I have been wanting to learn more about Docker for months. However, when starting to read Dockers get started page I quickly had to find out that I’m lacking knowledge in too many other concepts. Since my background isn’t computer science I often run across this problem. Luckily, this allows me to constantly learn new things! With the goal of eventually reaching the topic of Docker, the first post introduced virtual machines. This one is about containers.
What is a container?
Let’s start by looking at physical containers. Containers are mostly used in the shipping industry where they allow for an organized and efficient way to transport goods from one place to another. Before humans agreed to using containers and standardized container sizes, shipping goods in bulk was a lot messier.
Software containers have a similar function. They allow us to pack our code and all of its dependencies (libraries, frameworks, etc.) into a nice little box - a container. The container can then run anywhere. This allows developers to be sure that their software will run independently of where it is deployed.
Usually, when moving software from one computing environment to another (e.g. from a developers machine to a test environment) we run into problems, especially if the environments are not identical. For example, the developer might have written the code in Python 3 but the test environment still runs in Python 2. Also differences in network topology, storage and security policies can cause problems. Containers solve this problem and allow us to reliably run software in different computing environments. Using containers to deploy applications is called containerization.
How containers work and how they differ from virtual machines
Let’s look at the entire picture. Similar to virtual machines, containers sit on top of a host operating system (e.g. Windows 10) which in turn sits on an infrastructure (e.g. a laptop). The rough eqivalent to the hypervisor used by virtual machines is the container engine which sits on top of the host operating system. At the moment, the Docker Engine is by far the most popular one.

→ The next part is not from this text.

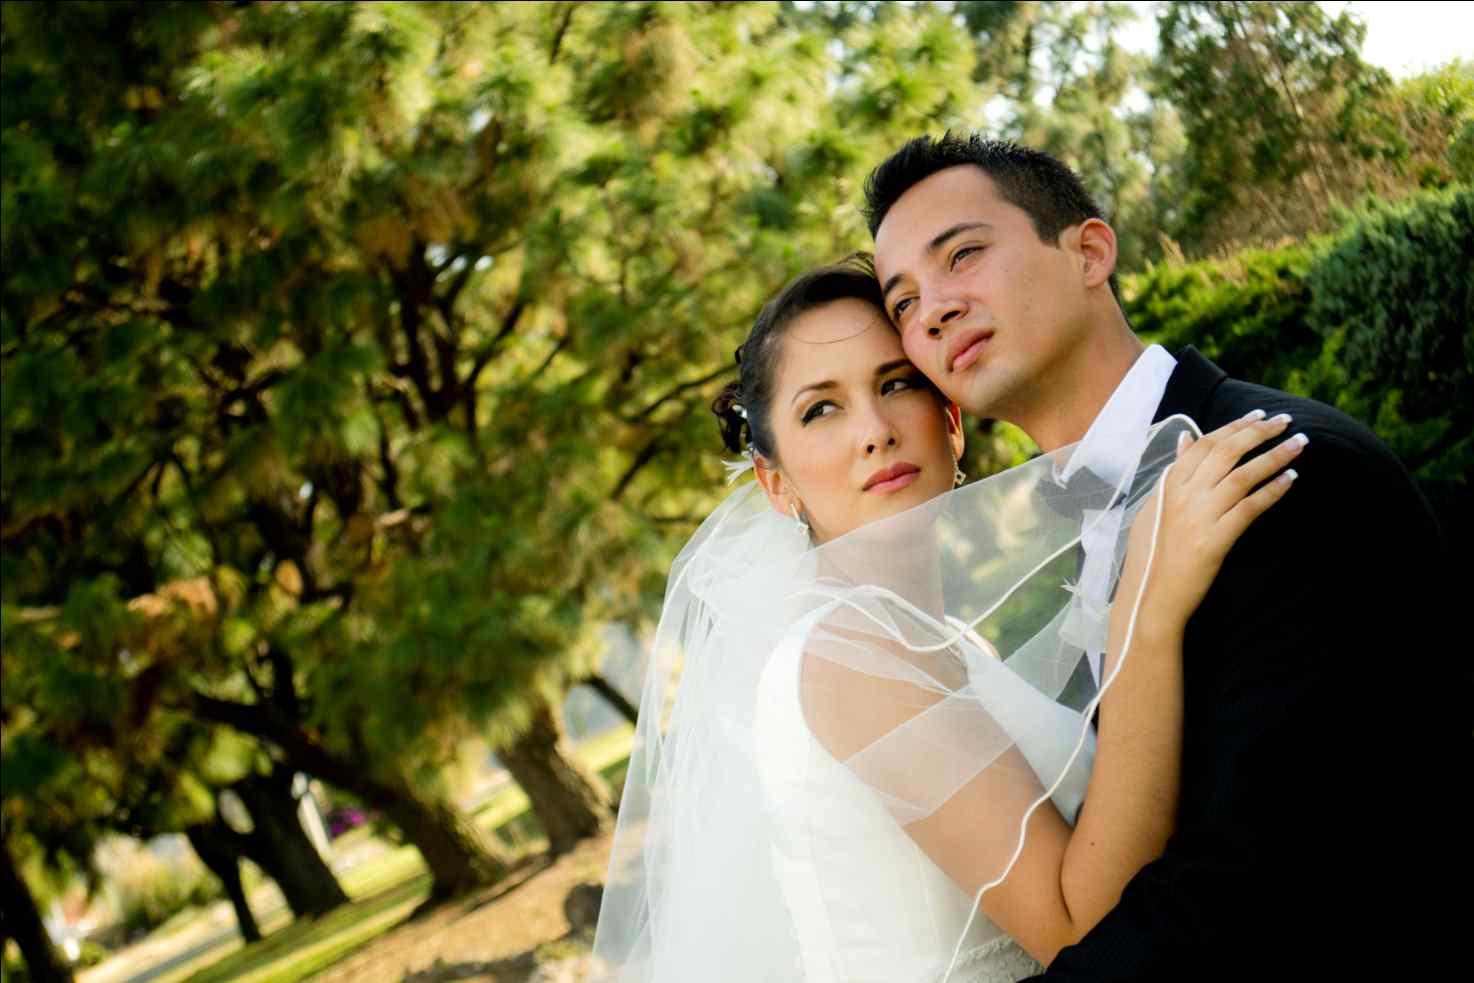 fotografias-boda-fotografos-recomendados-guadalajara-jalisco-mexico

Several containers can sit on top of the same host operating system. Different to virtual machines, all containers share access to the the same operating system, namely the one of the host. This has the major advantage that only one operating system needs to be managed and maintained. Also, the shared components are read-only. This allows containers to be small in size (megabytes) and to be able to start within seconds (as opposed to gigabytes and minutes for a virtual machine). So to point this out again: in the case of virtual machines we have several operating systems running on a single server. In the case of containers, we only have the host operating system.

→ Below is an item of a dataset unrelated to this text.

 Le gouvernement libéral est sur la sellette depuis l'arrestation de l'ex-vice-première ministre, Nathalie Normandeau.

What is the difference between a container and a container image?
A container is the runtime instance of a (container) image. Our image is the “recipe”: a package that includes everything we need for running a specific application including the code, the file system , libraries and configuration of our application. The container is the “cake”: a running instance of the image, that is, what the image becomes in memory when executed.
Advantages of containerization
The Docker Get Started page contains a nice overview of the main advantages of using containers. Containers are:
- Flexible: Even the most complex applications can be containerized.
- Lightweight: Containers leverage and share the host kernel.
- Interchangeable: You can deploy updates and upgrades on-the-fly.
- Portable: You can build locally, deploy to the cloud, and run anywhere.
- Scalable: You can increase and automatically distribute container replicas.
- Stackable: You can stack services vertically and on-the-fly.